Possibly my pricing is wrong, but simply per-user seems like a very blunt
instrument. Not sure what a better way of measuring the 'value' here is
though. Ideally % of total hosting bill would seem 'fair', but if a service is
going to cost 30-50% of the hosting costs then it needs to provide an awful
lot.

------
Shorrock
Love the product, and while the grandfather'd pricing is nice - it only lasts
for 6 months. If we were to continue using it past these 6 months Intercom
would cost, on a monthly basis, more than our servers and other add-on
services we already pay for combined. Pricing based on active users might make
sense if your ARPU is high enough, at which point it's just a question of
return, but at lower ARPU's it simply prices itself out of the equation - at
least for us.

------
justinmares
Intercom is an amazing product that's boosted our revenue and retention more
than anything else we've done.

Love the product, and the founders are (from what I hear) awesome people.

------
infinitone
Are there alternatives to Intercom?
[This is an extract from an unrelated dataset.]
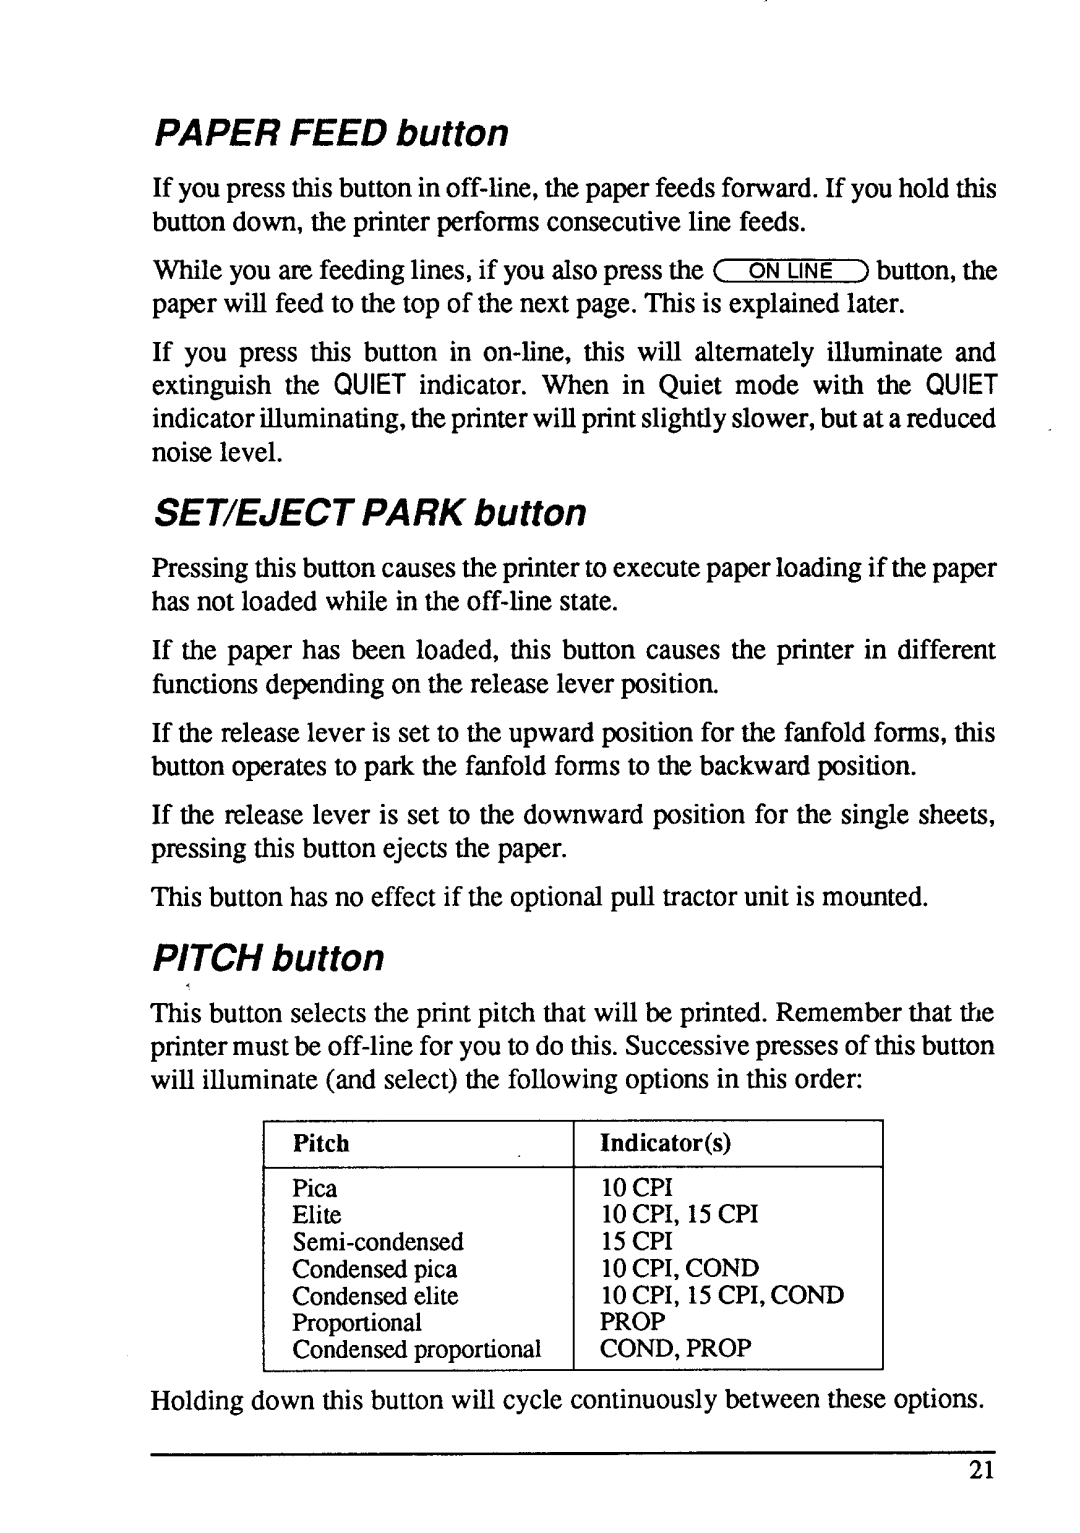 Star Micronics LC24-15 user manual PAPER FEED button, SET/EJECT PARK button, PITCH button

Their new pricing is quite pricy for the
value they provide.

------
bdunn
Congrats guys! I've been a huge fan of Intercom and the team behind it since,
well, back before they started charging.

Most products are going to need some sort of custom dashboard, will also
eventually need a way to do in-app feature / maintenance notifications,
sending and tracking lifecycle emails, etc. Intercom saves tons of time by
distilling all of this into a simple JS include.

------
sunsu
We at BetterVoicemail.com love Intercom. We'll probably continue to use it
with the new pricing, but we have a slightly odd way of doing things and might
have to change some things around. We currently create an Intercom user in the
first step of our sign-up process BEFORE he/she actually gives us their CC. We
do this so we can send them reminder a reminder email the next day to complete
the sign-up process. Unfortunately this counts toward the user quota now.

------
nedwin
Fantastic product and team. If you get a chance definitely tune into their
webinars _. seminar.intercom.io

_ never thought I'd say that out loud.

------
dylangs1030
This is awesome. It's a legitimately game changing idea and in an industry
that is still plagued by user dissatisfaction. They stand to change a lot.

I think if they make it a bit simpler to use with a less packed design it
would be even more popular. It's already backed by a few big tech names...if
they can get bigger, even more mainstream brands they'll be in a really good
place.